### ASSIGNMENT
Could the data below be printed out exactly, with the pictures left out?

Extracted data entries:
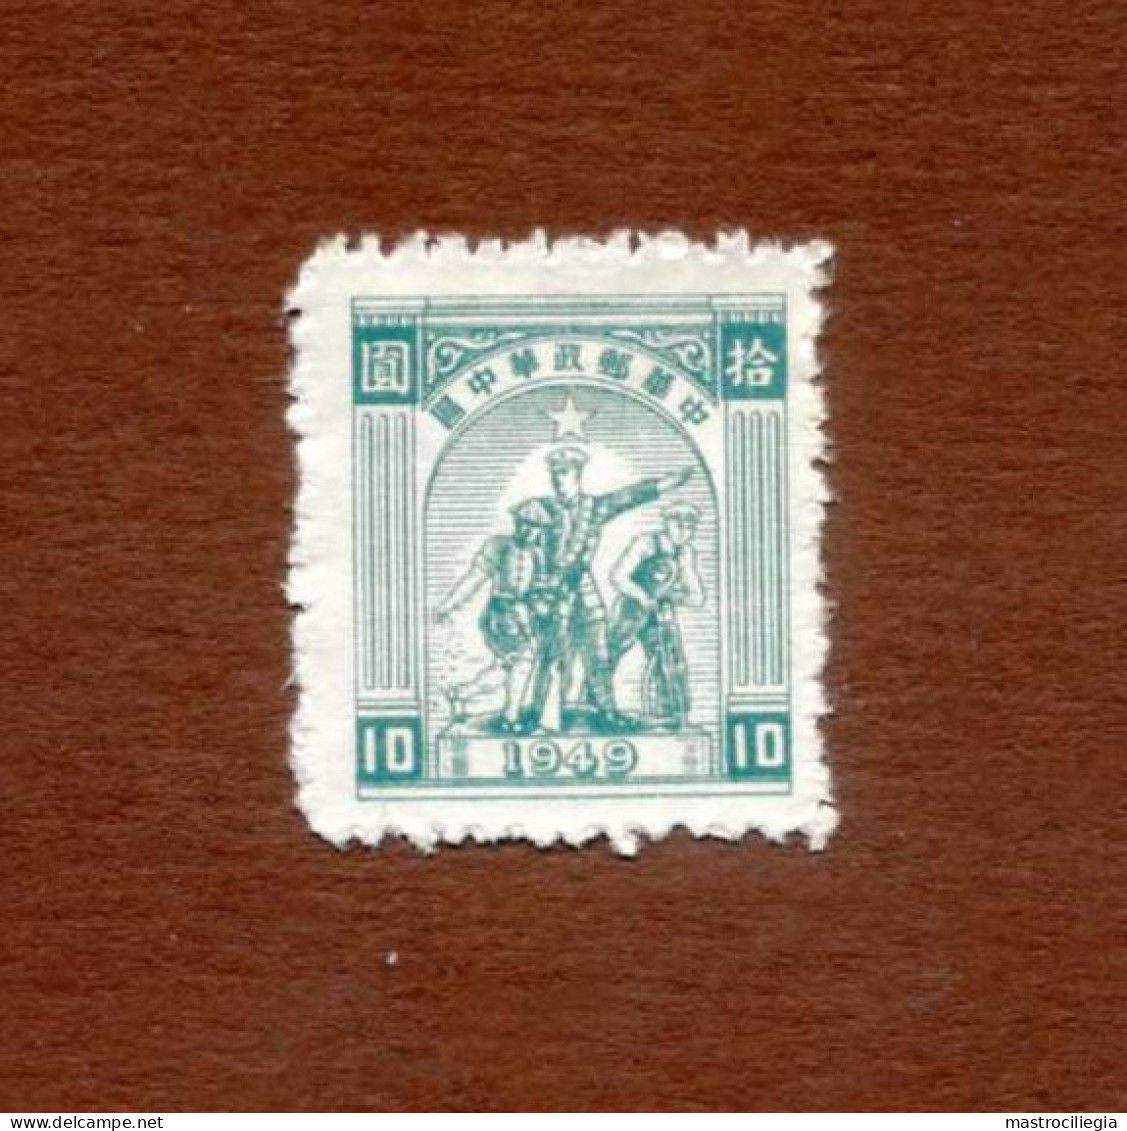 CHINA  CENTRAL  10$ - Cina Centrale 1948-49
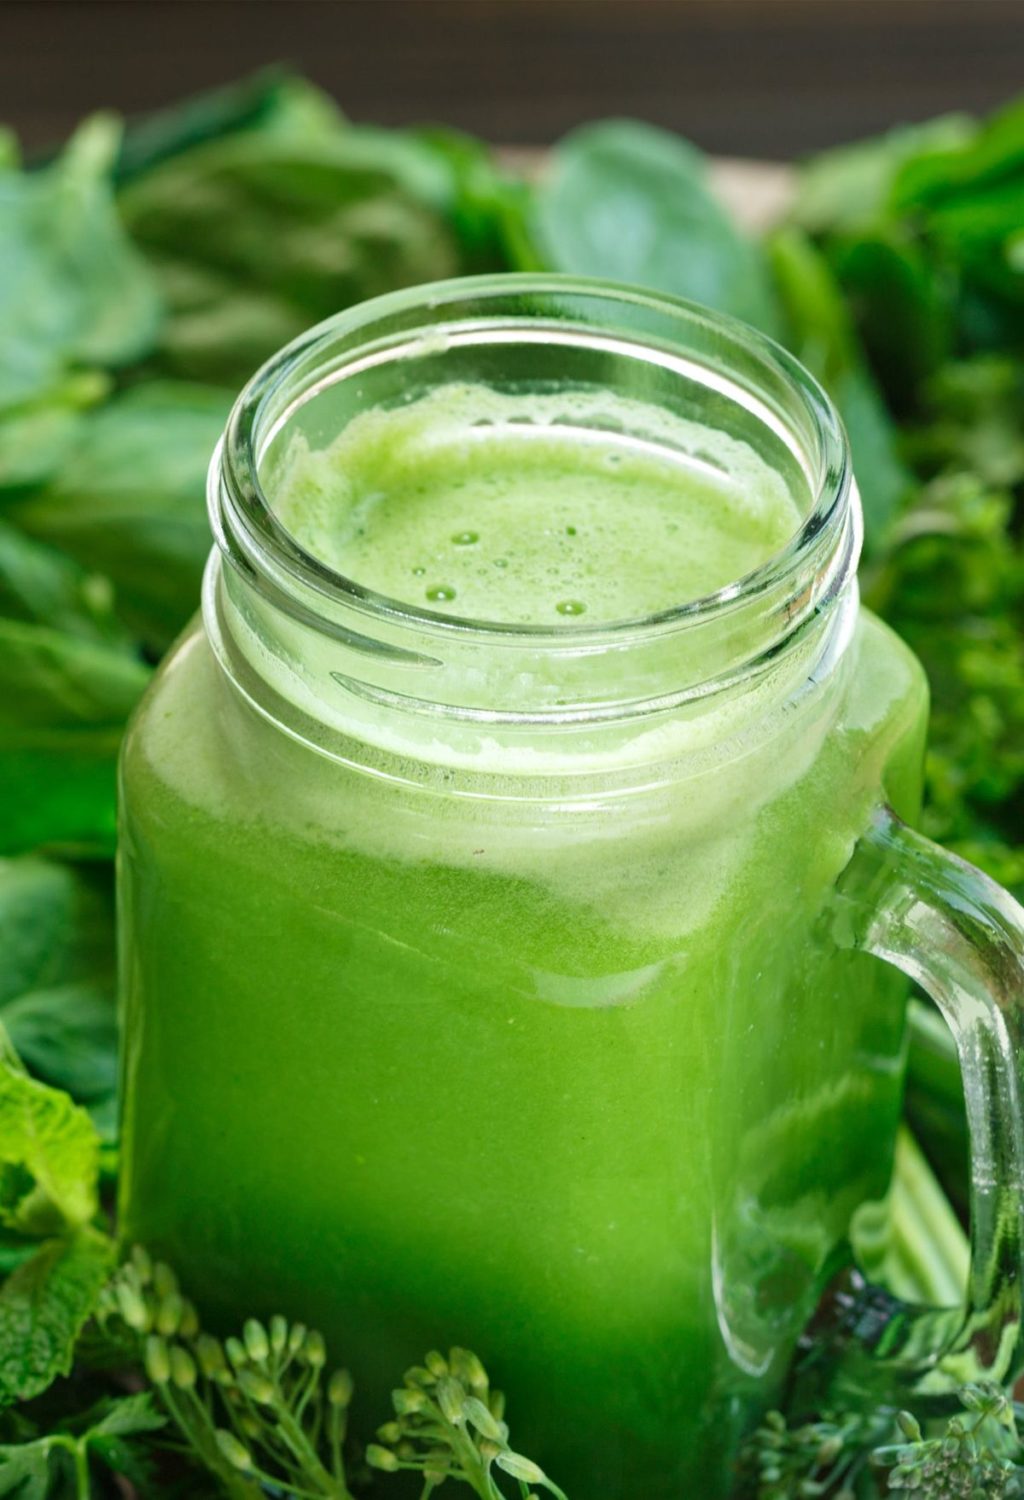 A jar of green juice surrounded by green leaves.
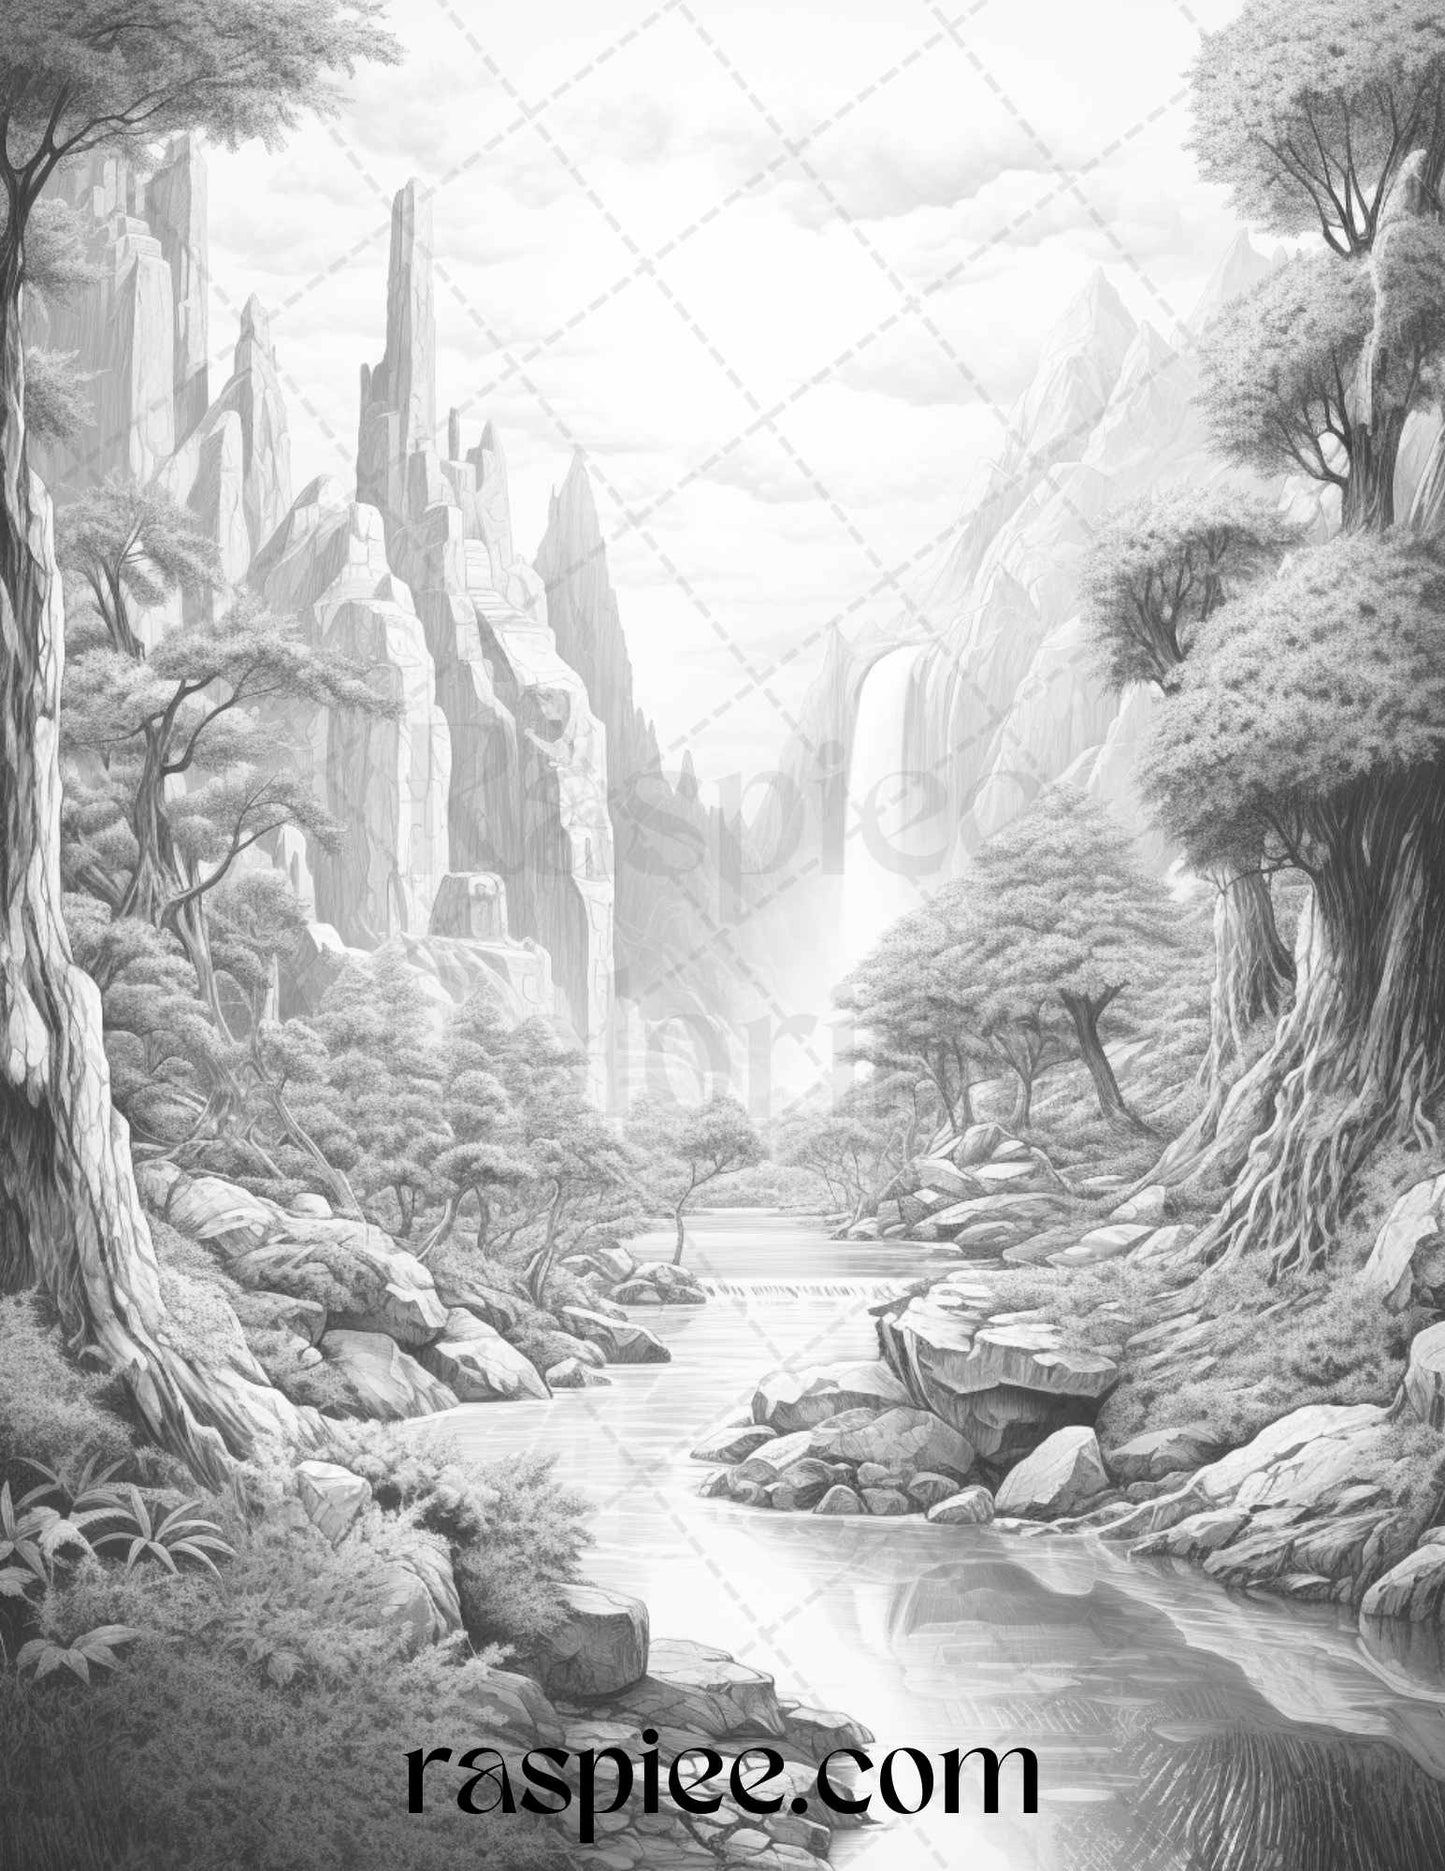 Fantasy Landscapes Coloring Pages for Adults, Relaxing Printable Coloring Sheets, DIY Adult Coloring Pages, Fantasy Landscape Printable Downloads, Mindful Coloring Activities, Detailed Grayscale Printable Art Therapy
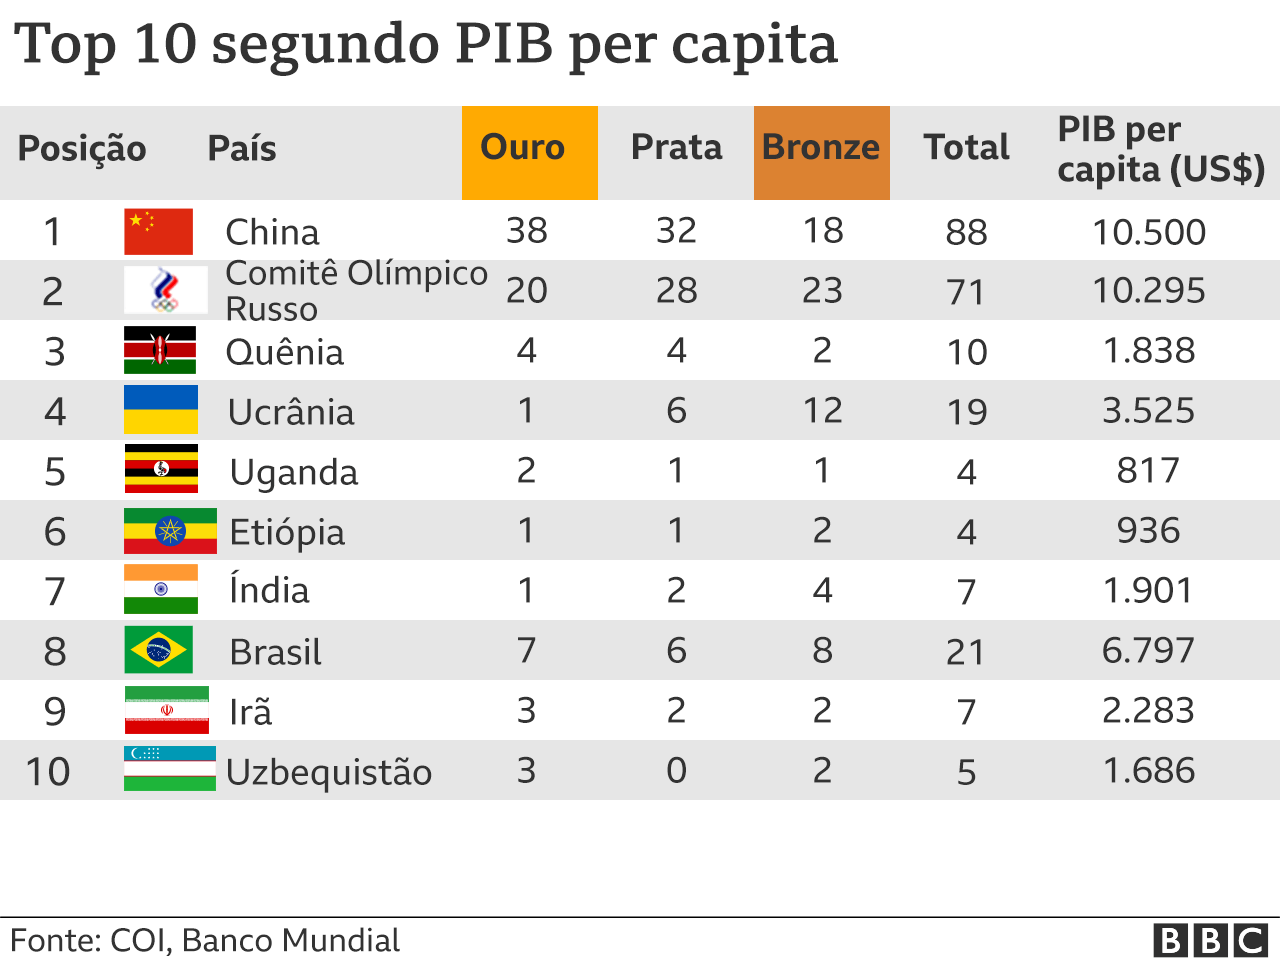 The table shows the medal table by GDP per capita.
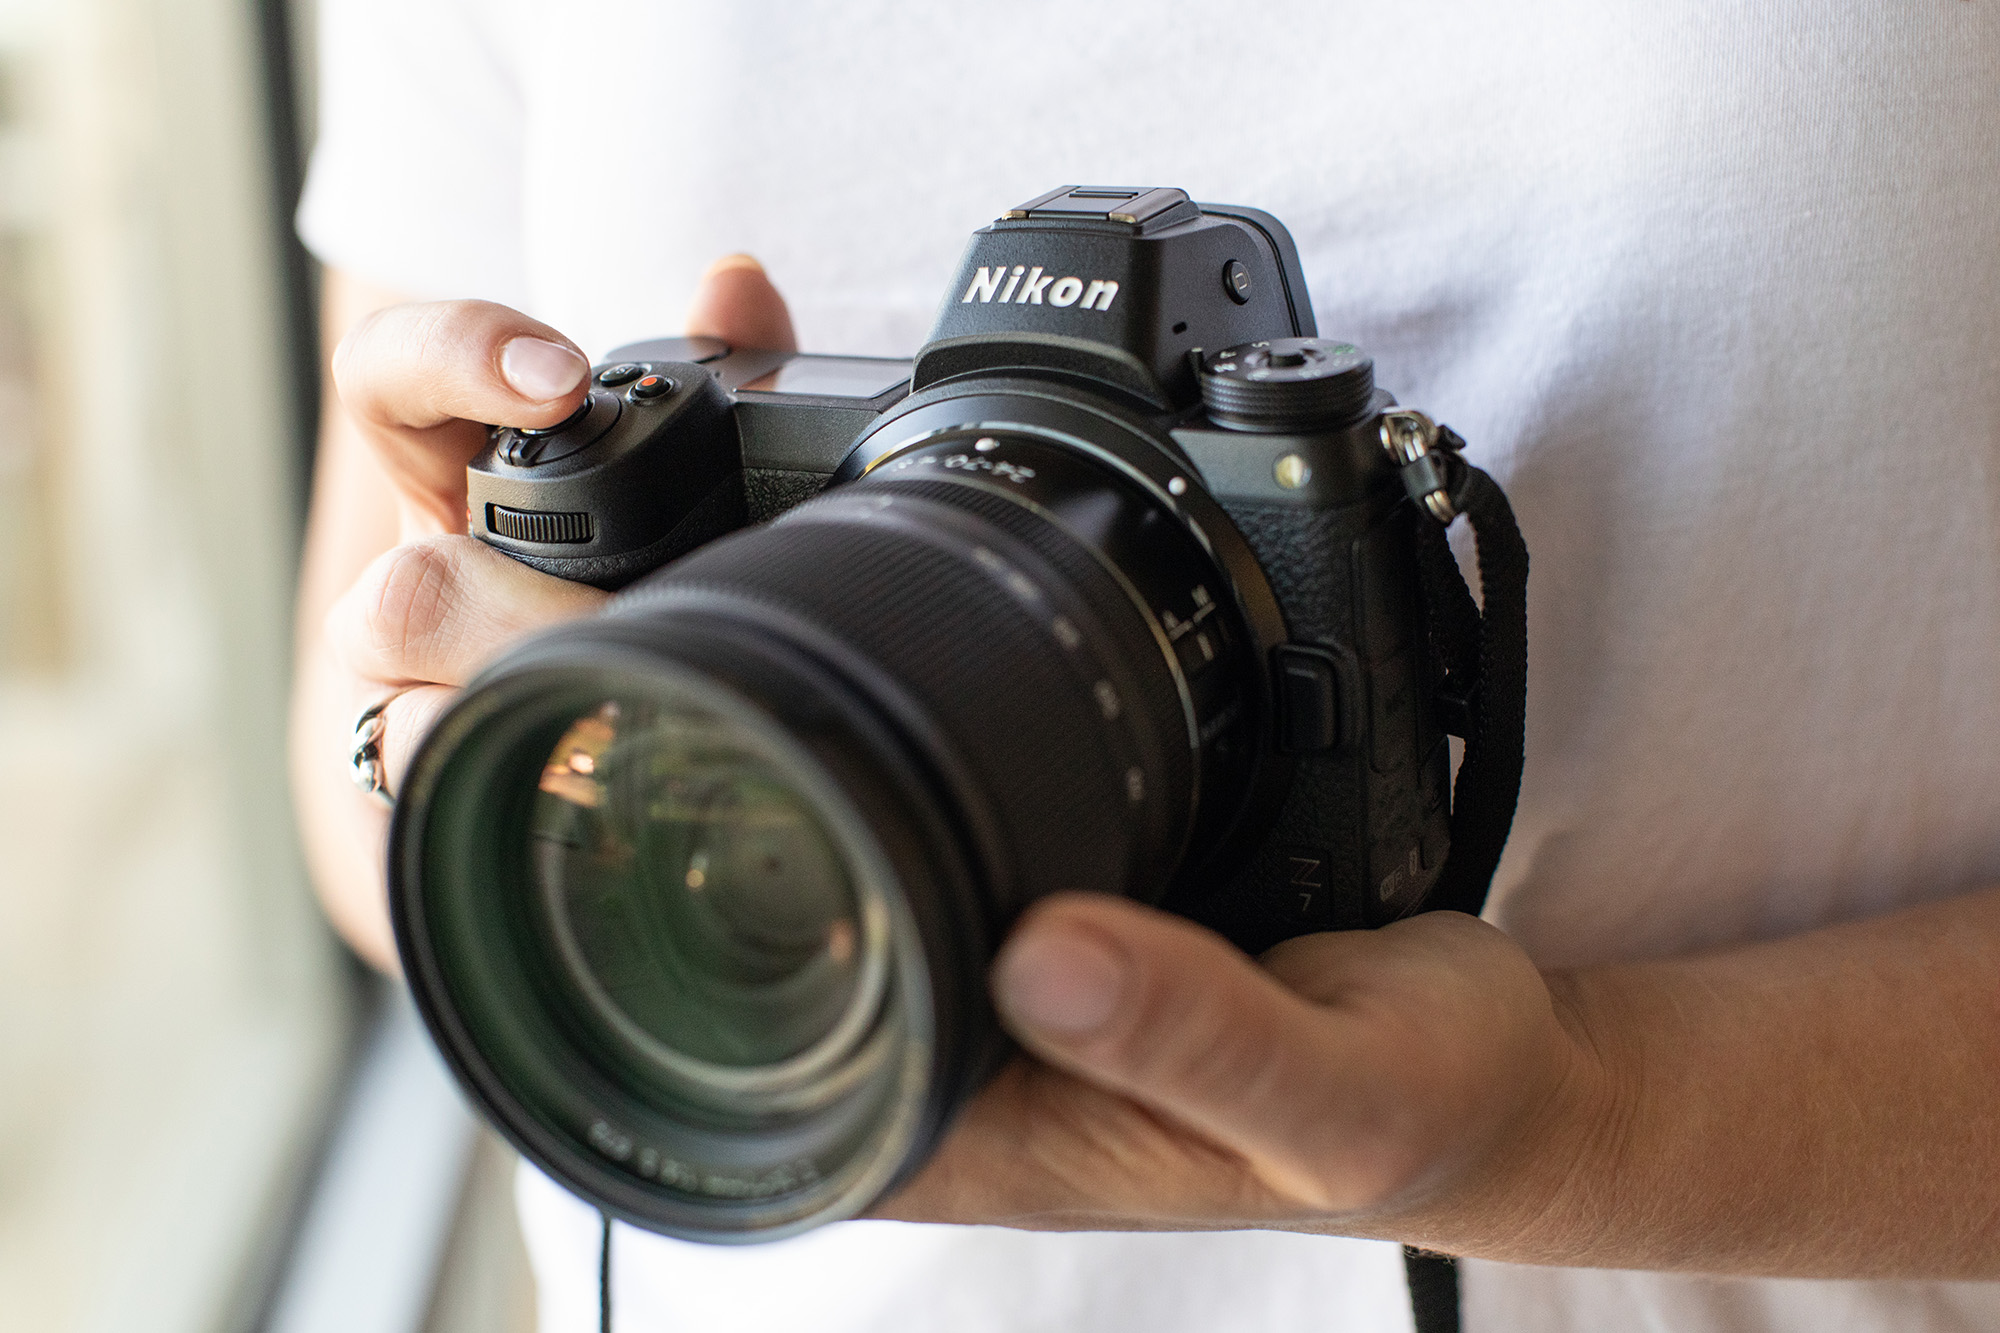 Nikon Z7 II: 8 reasons why it's convinced me to finally upgrade

### OUTPUT OF THE TASK
 CHINA  CENTRAL  10$ - Cina Centrale 1948-49
 A jar of green juice surrounded by green leaves.
 Fantasy Landscapes Coloring Pages for Adults, Relaxing Printable Coloring Sheets, DIY Adult Coloring Pages, Fantasy Landscape Printable Downloads, Mindful Coloring Activities, Detailed Grayscale Printable Art Therapy
 The table shows the medal table by GDP per capita.
 Nikon Z7 II: 8 reasons why it's convinced me to finally upgrade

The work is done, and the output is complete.